Боевой 19-й (Булавин) - страница 14

— Закури у меня, Хрущев.

— Ну-ка, Устин, мой получше будет, с донничком.

— А мой позадиристей.

— Груздев, дай бумажки, я ему отсыплю мой, сеяный. ..

— На-ка! — подбежал рыжий Клим и сунул Устину кисет с табаком. — У меня еще такой гаманок есть.

Клим пыхнул дымком в потолок, лукаво улыбнулся. Вскоре Устин был в центре тесно обступивших его товарищей.

*— Ну, рассказывай, браток!

— Дайте человеку осмотреться.

— Эй! Не наваливайтесь там сзади!

— Помене курите, не продыхнуть..,

— Тихо, не шумите.

Растроганный простой и радушной встречей, Устин испытывал радость и какую-то неловкость перед товарищами.

— Что ж, спасибо на добром слове... — Он еще что-то хотел сказать, но не нашелся и только махнул рукой. — Вы уж говорите промеж себя, а я посижу, послушаю да на вас погляжу.

— На нас, пожалуй, гляди, а только слушать нас скучно.
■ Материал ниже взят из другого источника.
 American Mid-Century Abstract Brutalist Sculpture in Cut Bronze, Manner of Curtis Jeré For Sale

Вот Зиновей как ни придет, так все об одном толкует. Дюже он у нас об новой хате стосковался да об скотине, — съязвил Аким.

— Это глядя по какой скотине...

— Ловко! — дружно засмеялись мужики.

— Это ты его ловко, Зиновей... — басовито хохотал Ерка.
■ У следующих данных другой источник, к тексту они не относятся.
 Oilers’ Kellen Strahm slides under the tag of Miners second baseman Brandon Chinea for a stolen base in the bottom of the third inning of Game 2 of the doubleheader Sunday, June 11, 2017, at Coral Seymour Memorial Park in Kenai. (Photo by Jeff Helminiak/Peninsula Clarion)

— Устин, ты, поди, по-ихнему и болтать навострился? — спросил Семен, рослый, степенный мужик, не сводивший с Устина глаз.

— Ну, понятно, более двух лет в плену пробыл..,

— А как по-ихнему хлеб?

— Брот.

— Ишь ты, брот!.. Какой же это хлеб... Чудно, —• удивился Семен.

— Ну, хватит вам, — остановил Груздев. — Расскажи нам, Устин, про то, как там живут мужики.

— Глядя какие мужики, — улыбнулся Устин.

— А ты о всяких.

Устин снял шапку и, комкая ее в коленях, неторопливо начал рассказывать о жизни чужеземных крестьян все, что только знал.

— Пробыл я в плену у немцев почитай два года и скажу вам, братцы: лиходею не пожелаю попадаться к ним. Сейчас как подумаю — страшно делается. Поизмывались они над нашим братом, не приведи бог. Были мы в концлагерях — хуже, чем на каторге. Работали на них из последних сил, а кормили нас, как скот. От пищи ихней животами страдали, а товарищи, какие послабей, помирали. Кто в чем провинился или чуть ослушался, ну, говори, пропал.

Выгоняли нас этак из концлагеря на работу, а я замешкался. Не то обмоток размотался, не то опорок с ноги свалился, уж и не помню. Как загомонили на меня, как заорали, и не поймешь, чего надо. Тут же меня отделили от своих и повели. Ну, думаю, сейчас палок всыплют. Ан нет, похуже придумали, дьяволы. Руки завели за спину, пропустили меж ног и подвесили за них меня к столбу. Ну, братцы мои, о такой казни я и подумать не мог. Сколько висел, не помню. Мычал от боли, кричал, потом онемело все, кровь в голову вдарила, свет белый стал красным, а потом — не помню. Только очнулся от воды. Весь мокрый, тело ломит, будто через меня целый обоз переехал, а тот немец, какой обливал водой, стоит и зубы скалит, смешно, значит, ему. Вот какой жестокий и немилосердный. Ну, офицерам, тем легче было, поблажки давали, а нашему брату — мука лютая. Только как случилась революция, тут нас стали раздавать ихним фермерам. Там было несколько вольготней, но все равно норовят из тебя все жилы вымотать, а чтобы покормить по-человечески, так этого не дождешься. И вот хозяин, у какого был, все это мне со злым смехом: «Рус! Революшен, револю-шен», — и хлопает меня по плечу, да до того больно, дьявол, что слезы на глаза набегают.